Nella penombra dell'atelier si trovano una trentina di personaggi: a destra sono i sogni e le allegorie
(l'amore, la filosofia e la letteratura), "gli eletti, ovvero gli amici, i lavoratori, gli appassionati del mondo
dell'arte", "la gente che vive della vita", ovvero "la gente che mi aiuta e mi sostiene nella mia idea e
partecipa alla mia azione": sono gli amici dell'artista (Bruyas, Proudhon e Buchon, tra i personaggi in
piedi; Champfleury e Baudelaire seduti). Nello specifico sono facilmente riconoscibile il profilo barbuto
di Alfred Bruyas, dietro di lui, in posizione frontale, il filosofo Proudhon. Il critico Champfleury è seduto
su uno sgabello, mentre Baudelaire è assorto nella lettura. La coppia in primo piano simboleggia gli
intenditori d'arte e, accanto alla finestra, i due amanti rappresentano l'amore libero.
A sinistra gli emarginati, tristi e pensosi, con il capo reclinato, "gli altri, coloro che conducono
un'esistenza banale, il popolo, la miseria, la povertà, la ricchezza, gli sfruttati, gli sfruttatori, le persone
che vivono della morte altrui"", cioè di passioni e di bisogni materiali.
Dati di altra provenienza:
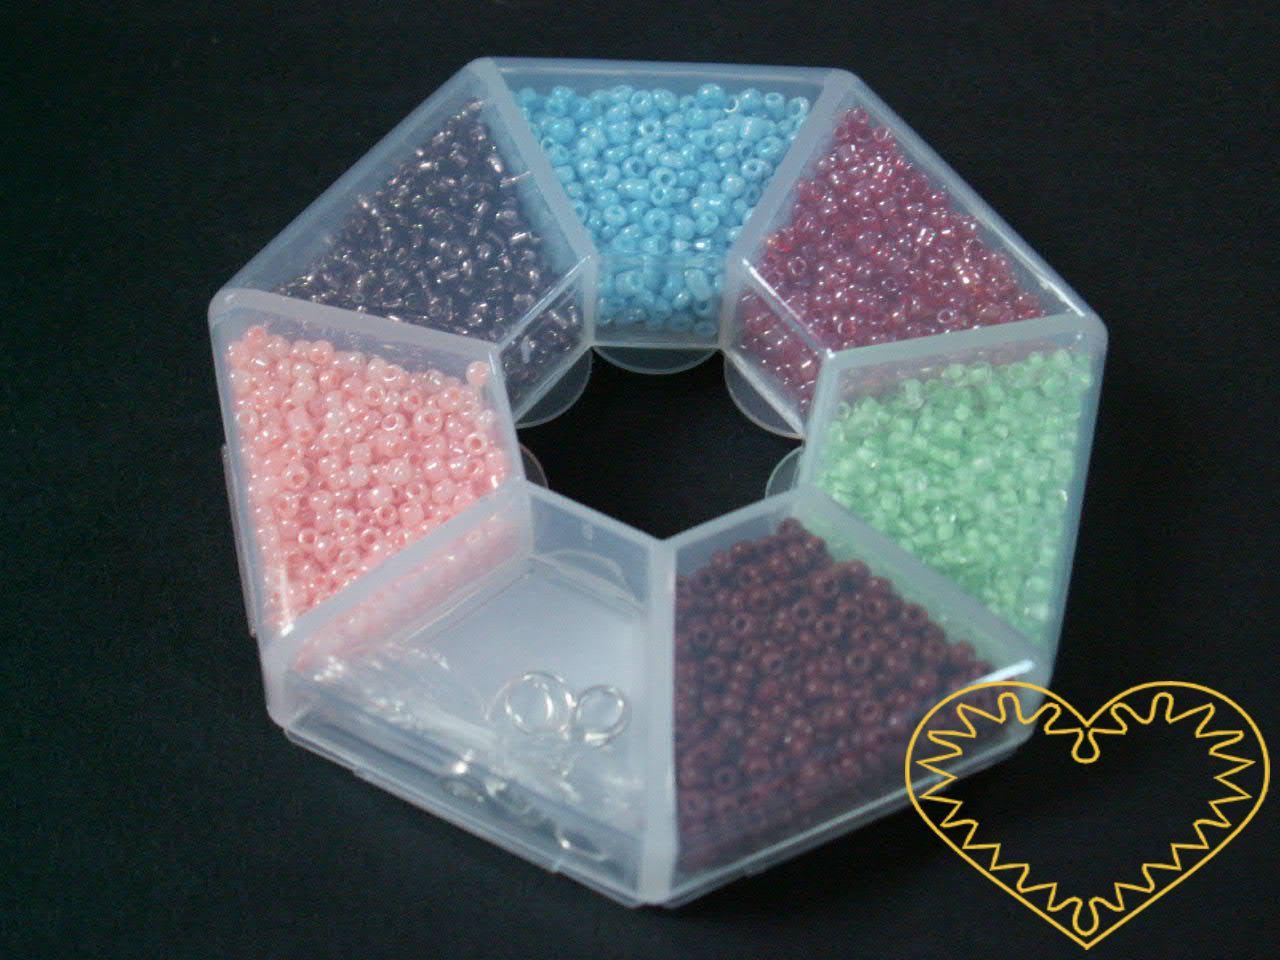 Barevné korálky / rokajl s komponenty v plastovém sedmihranu. Balení obsahuje: 6 barev korálků velikosti 2 mm, 2 šroubovací zapínání a 2 silikonové vlasce. Vhodné k výrobě náušnic, náramků, náhrdelníků, motanic a vánočních ozdob.
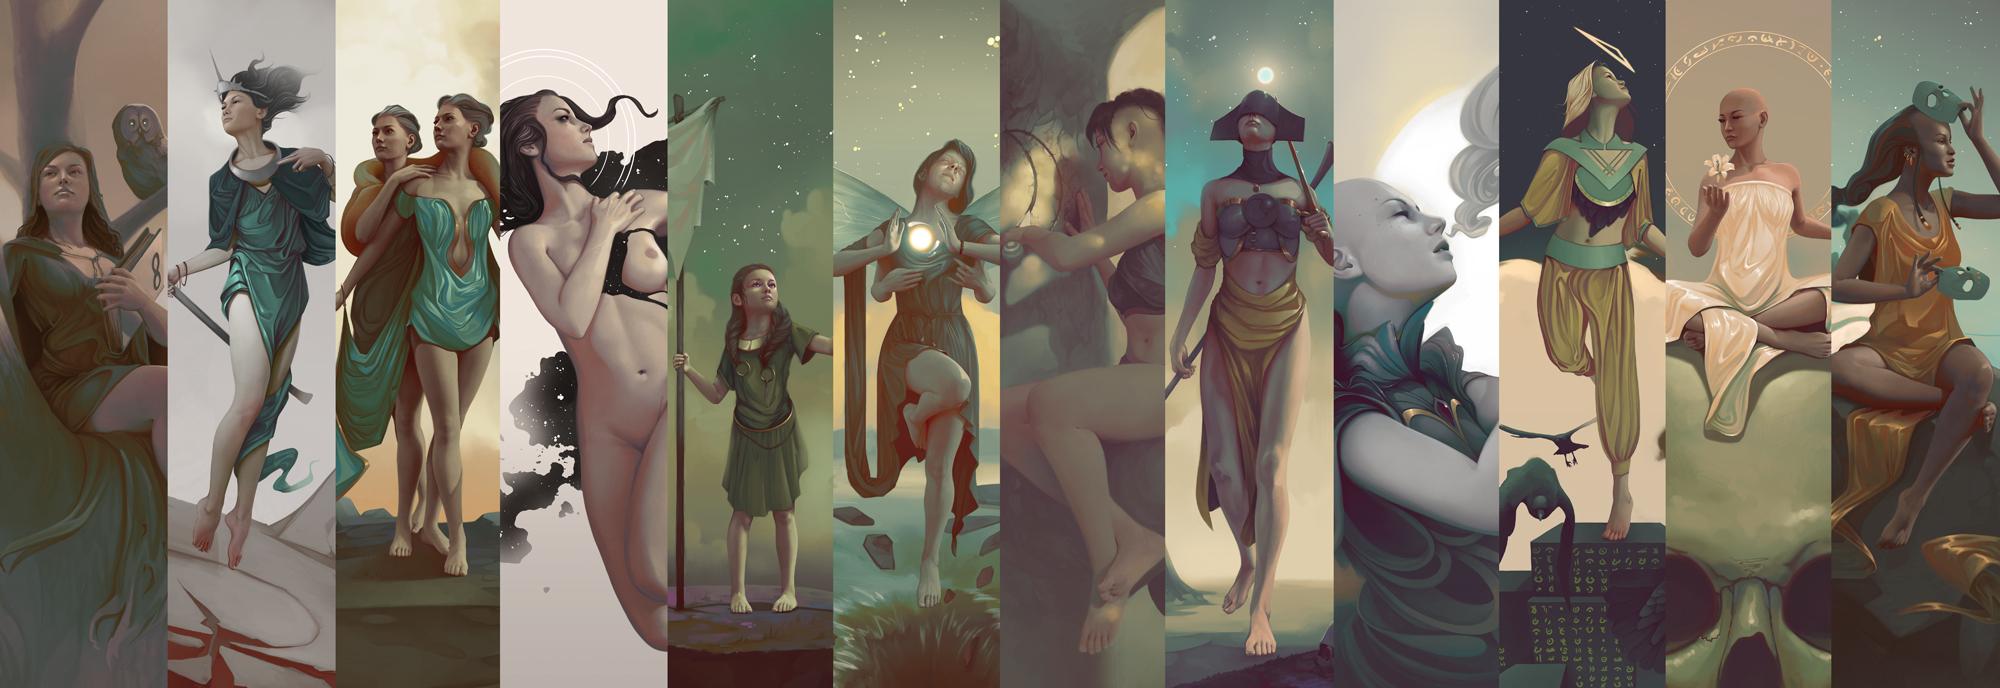 Fay's Tree Characters Web.jpg

In questo settore, che si può definire della "vita ordinaria", sono raffigurati, tra gli altri, una donna
irlandese miseramente vestita che allatta il suo bambino, un mercante ebreo che offre una stoffa a un
benestante seduto (forse il nonno viticoltore di Courbet), un rabbino, un pagliaccio, un prete, un
operaio indolente ed una mendicante che raffigurano la povertà, un bracconiere (che potrebbe avere
le fattezze di Napoleone III), seduto in primo piano con ai piedi i suoi cani, che fissa lo sguardo su un
cappello piumato, una mandola e un pugnale buttati per terra, simboli del Romanticismo superato. Il
manichino, o modello maschile in posa, stigmatizza l'arte accademica.
Nel dipinto la luce è frontale ed illumina solo il centro della composizione, lasciando nel buio le zone
più esterne. In generale, quindi, è misteriosa, cupa e scura, in opposizione al drappo bianco tenuto in
mano dalla donna nuda al centro della rappresentazione. Un'altra sorgente di luce è costituita da una
porta all'estremità destra della composizione.
I colori sono prettamente scuri, ad eccezione delle tonalità utilizzate per rappresentare la donna nuda
(Musa e Verità) e la tela paesaggistica. Le linee sono curve e movimentate, mentre sono dolci,
morbide e sinuose per quanto riguarda il corpo nudo di donna al centro del dipinto.
I personaggi sulla destra e sulla sinistra della rappresentazione sembrano voler formare un
semicerchio intorno al pittore che sta dipingendo e la prospettiva è data dalla disposizione a
semicerchio dei personaggi.
Con quest'opera Courbet rimette in discussione la gerarchia dei generi conferendo al suo manifesto
personale il rango ed il formato della più prestigiosa pittura di storia.